==== Data ====

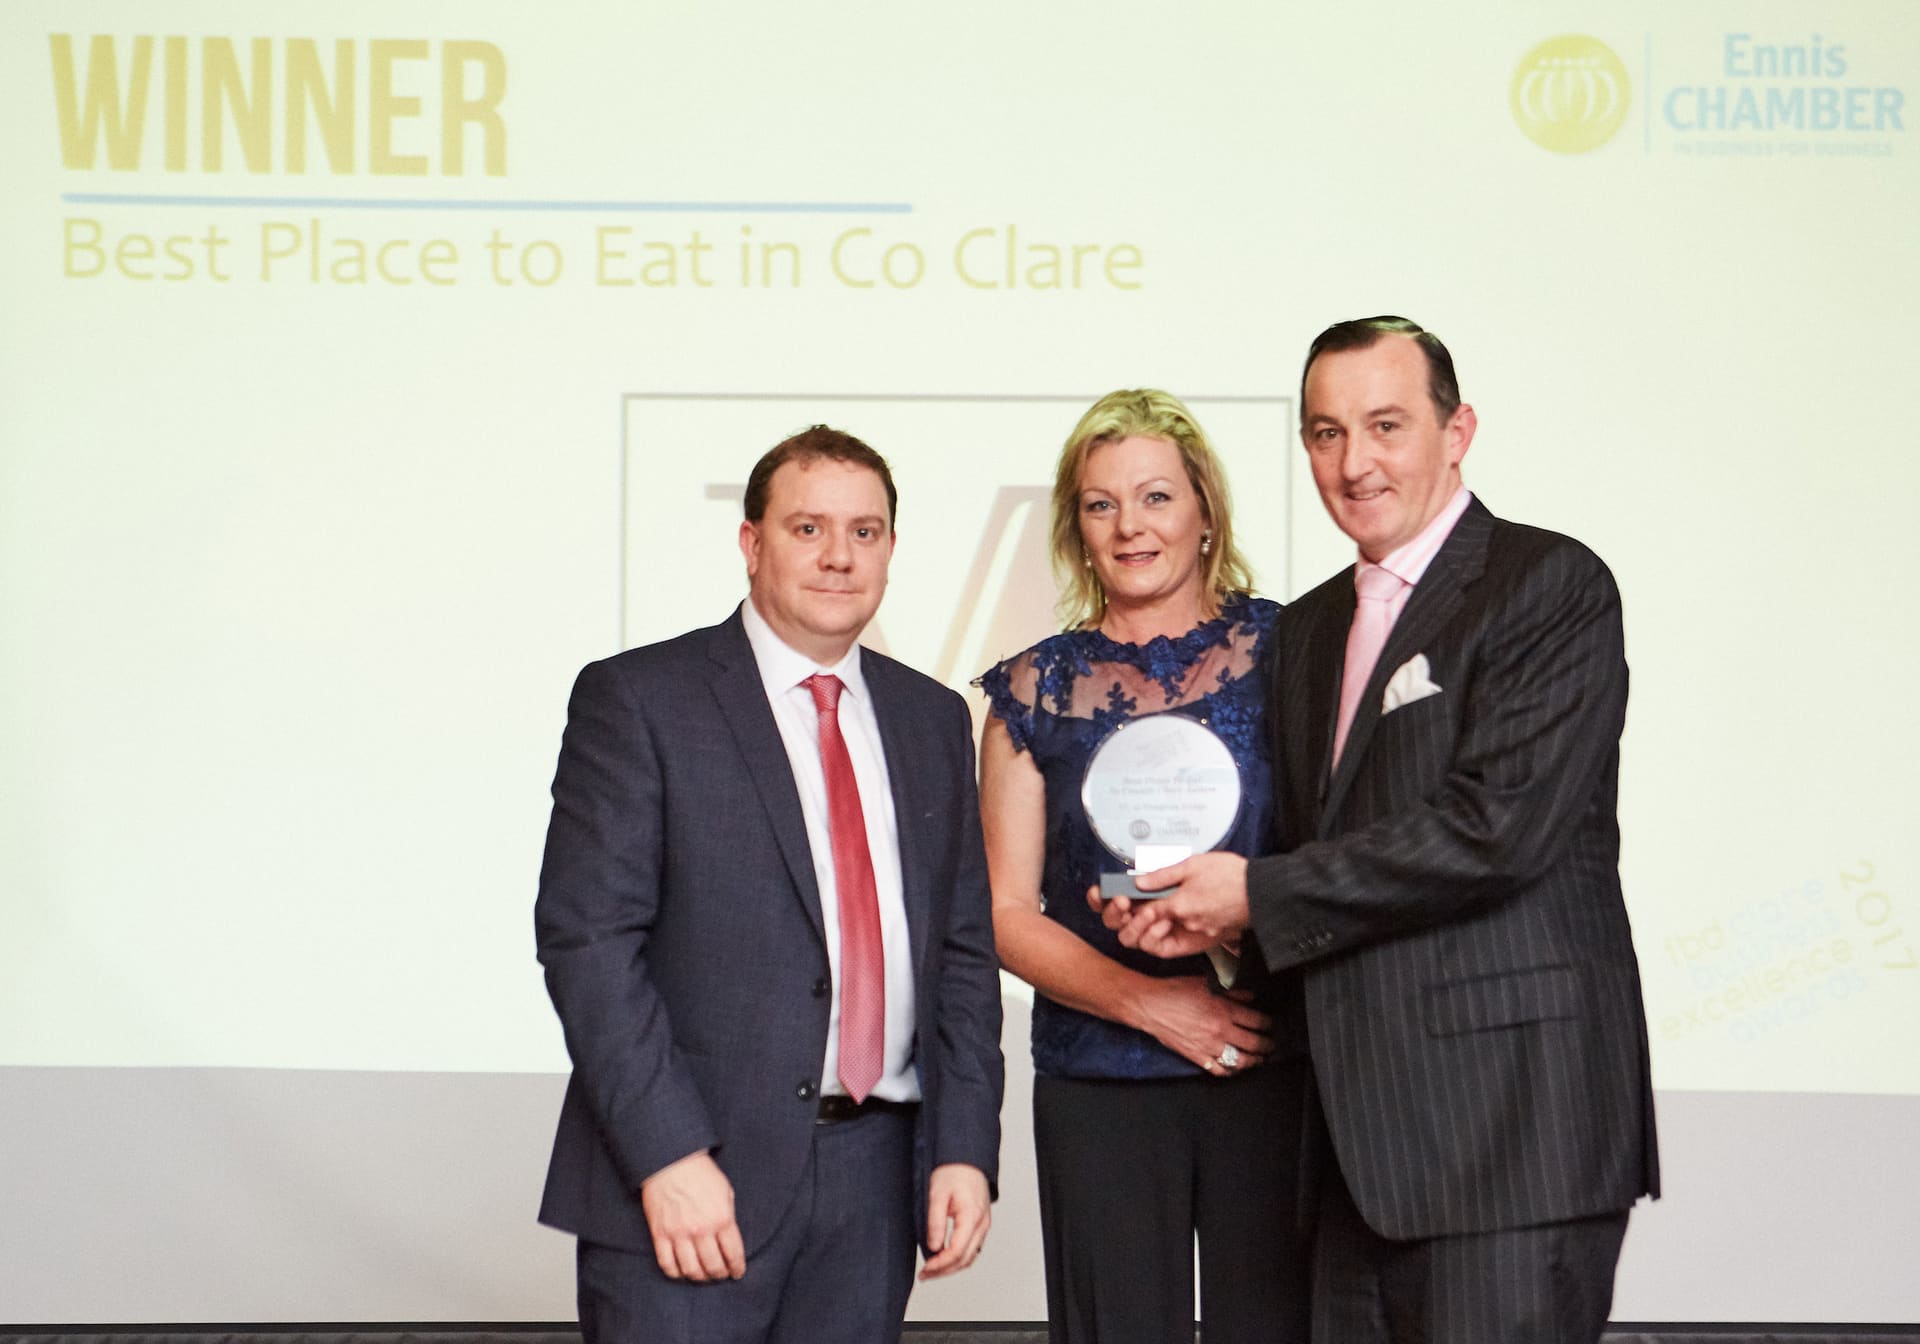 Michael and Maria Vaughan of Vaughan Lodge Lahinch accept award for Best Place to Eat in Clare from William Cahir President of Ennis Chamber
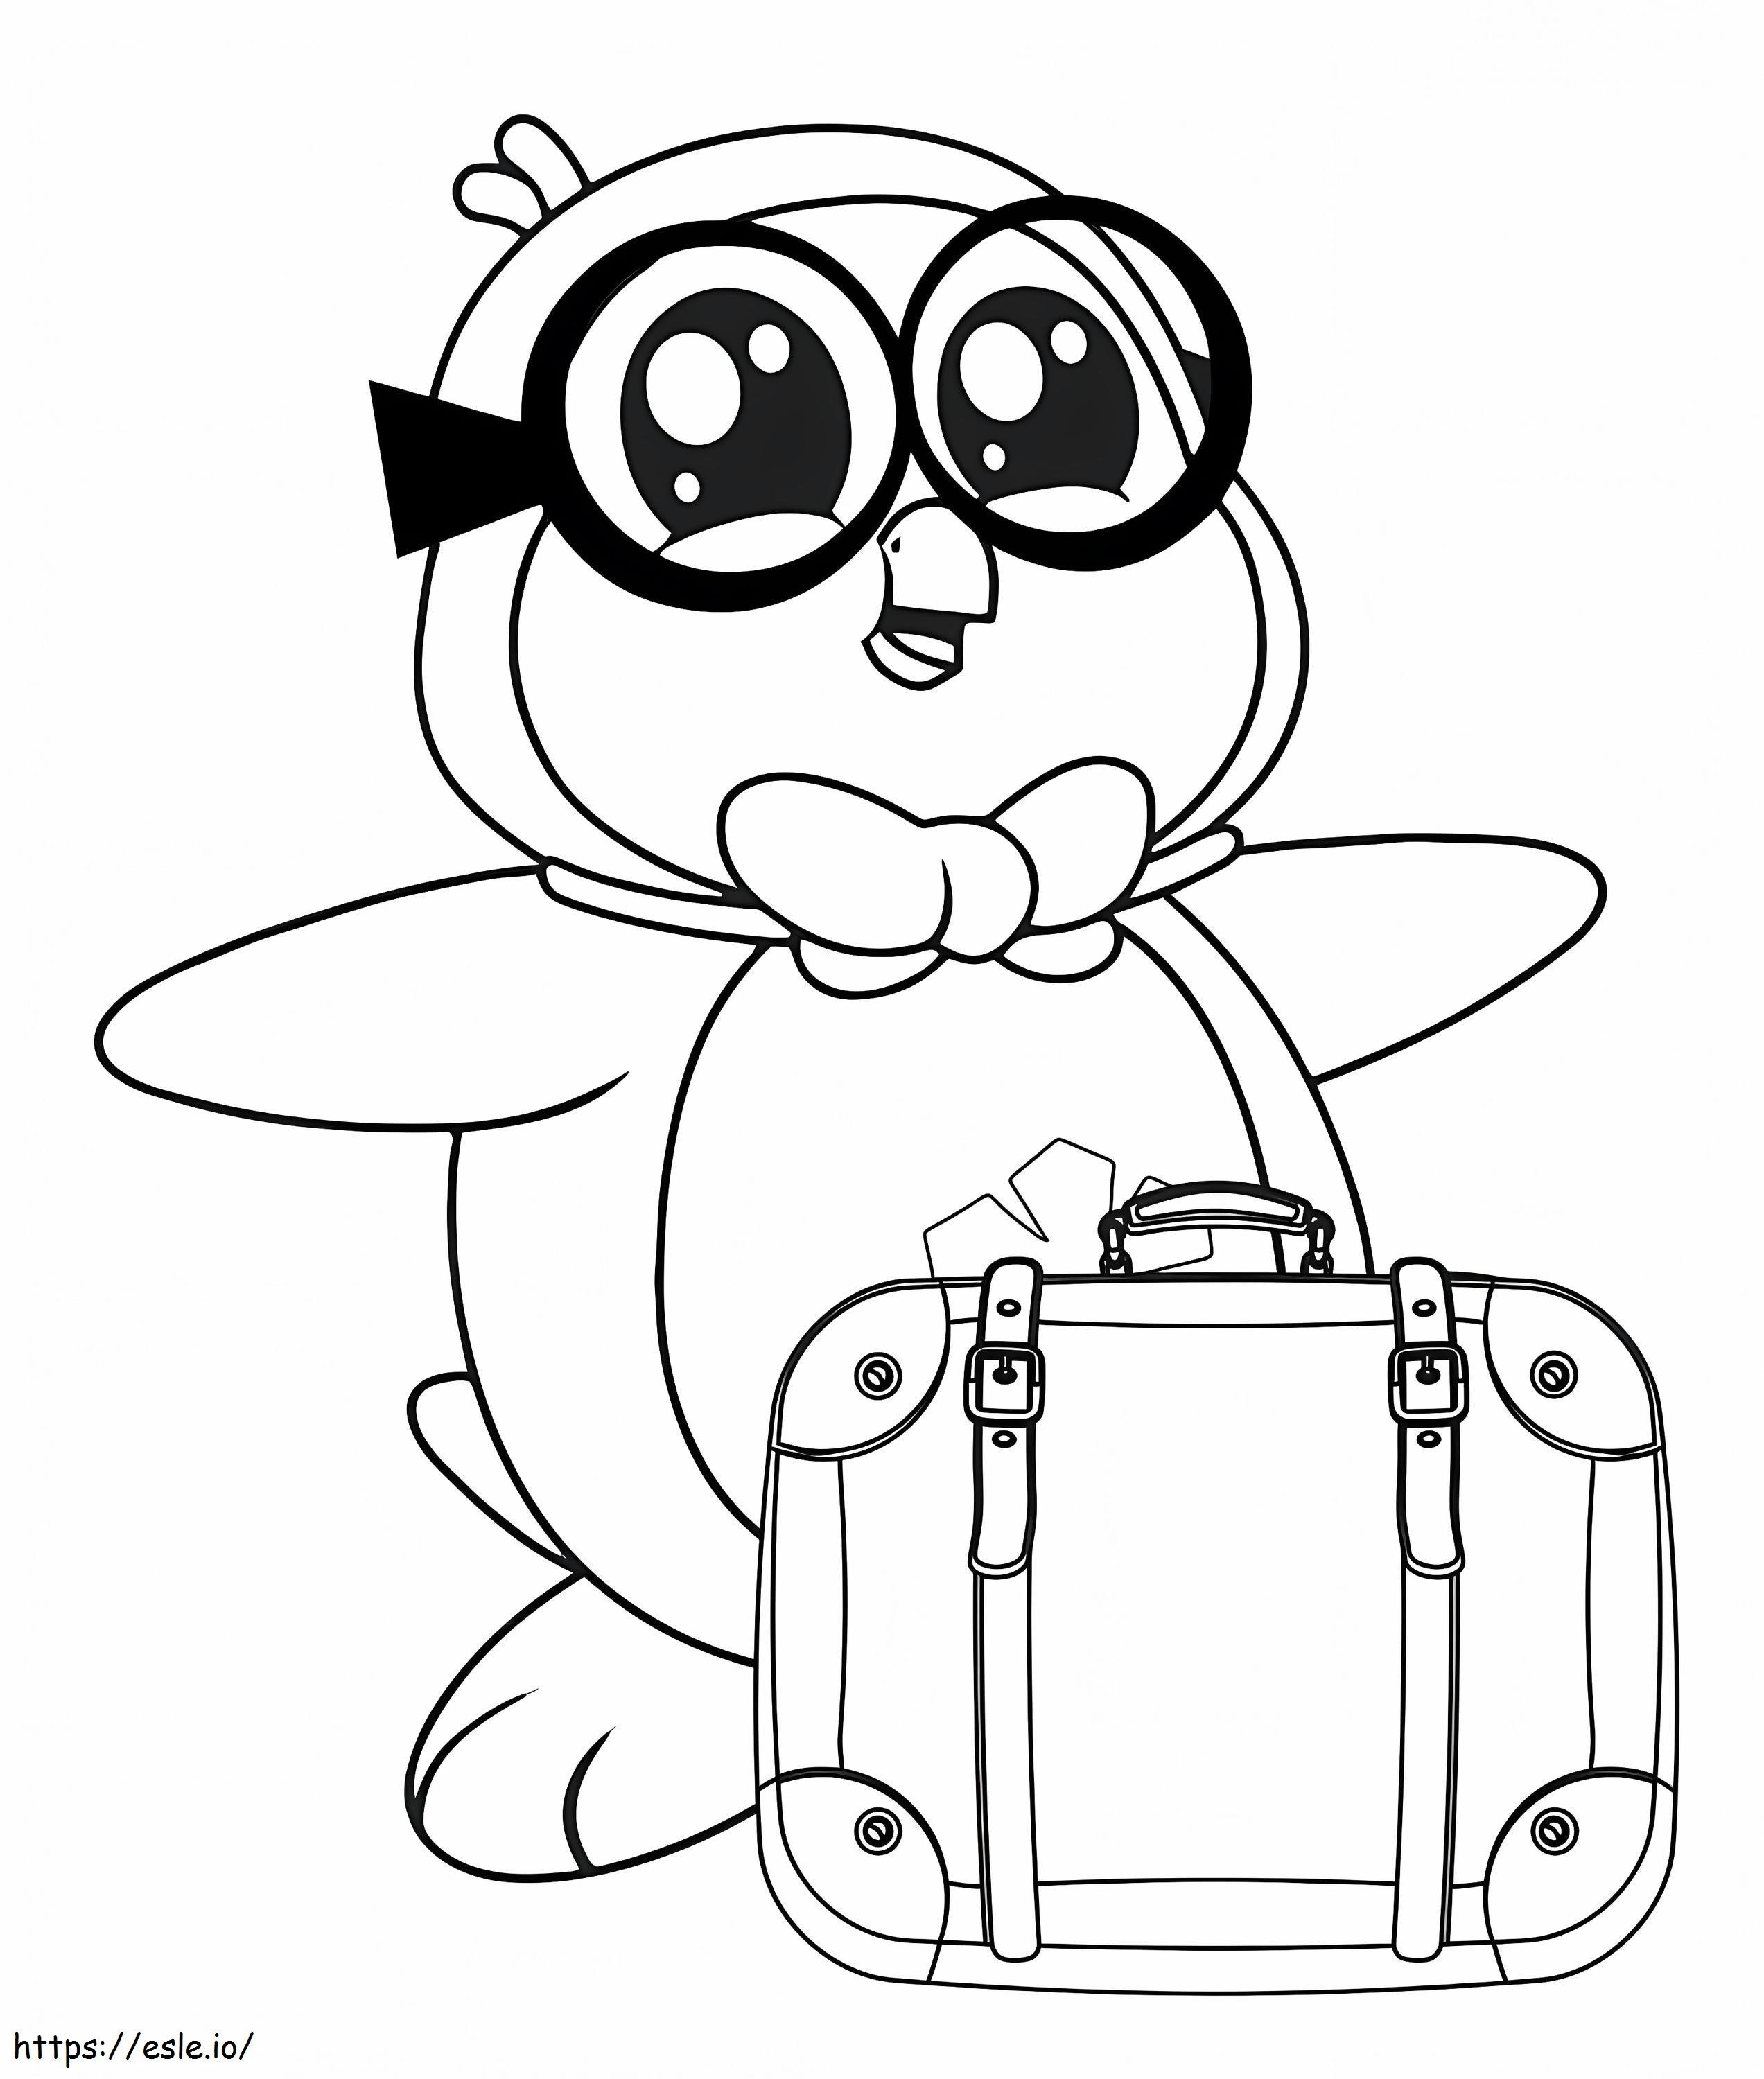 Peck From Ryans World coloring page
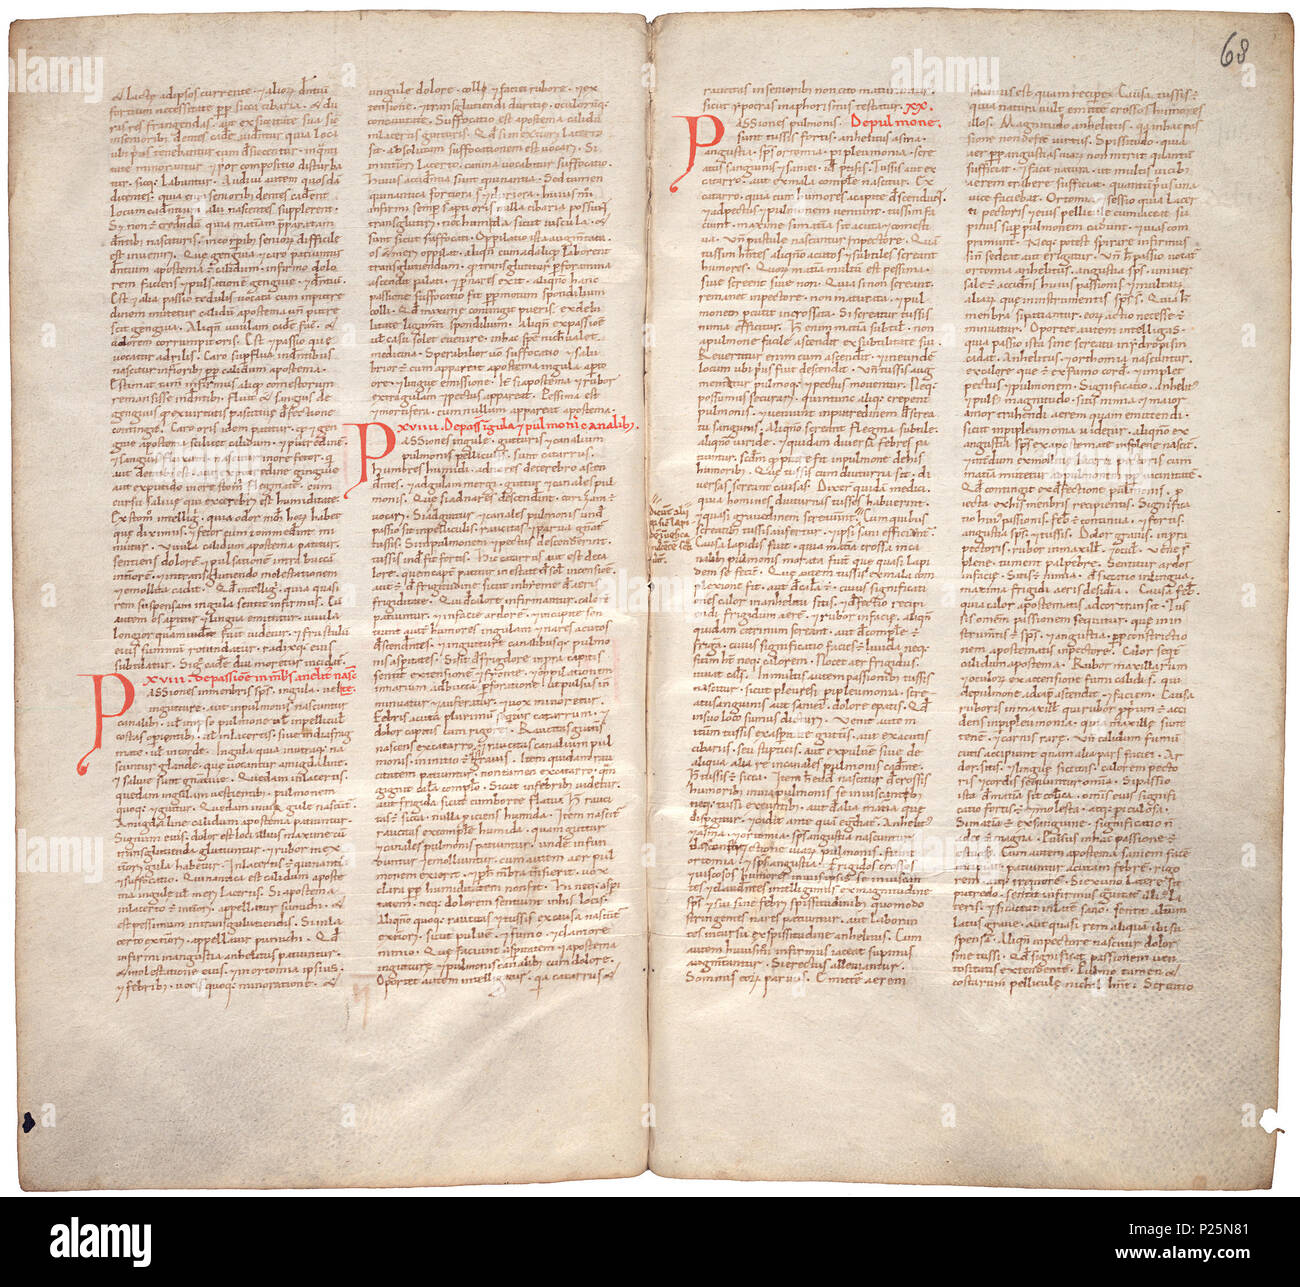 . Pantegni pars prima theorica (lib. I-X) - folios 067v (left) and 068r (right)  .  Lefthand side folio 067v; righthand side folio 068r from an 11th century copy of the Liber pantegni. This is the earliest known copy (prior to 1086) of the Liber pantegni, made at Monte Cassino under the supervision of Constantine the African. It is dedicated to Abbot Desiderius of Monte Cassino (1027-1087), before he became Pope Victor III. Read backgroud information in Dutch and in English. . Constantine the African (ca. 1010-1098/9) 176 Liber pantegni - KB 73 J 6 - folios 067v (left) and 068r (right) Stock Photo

====

Work request
Write out only the lines from the line containing "Peck From Ryans World coloring page" through the end of the material above, both end lines included. Pictures are not written out.

Exercise result
 Peck From Ryans World coloring page
 . Pantegni pars prima theorica (lib. I-X) - folios 067v (left) and 068r (right)  .  Lefthand side folio 067v; righthand side folio 068r from an 11th century copy of the Liber pantegni. This is the earliest known copy (prior to 1086) of the Liber pantegni, made at Monte Cassino under the supervision of Constantine the African. It is dedicated to Abbot Desiderius of Monte Cassino (1027-1087), before he became Pope Victor III. Read backgroud information in Dutch and in English. . Constantine the African (ca. 1010-1098/9) 176 Liber pantegni - KB 73 J 6 - folios 067v (left) and 068r (right) Stock Photo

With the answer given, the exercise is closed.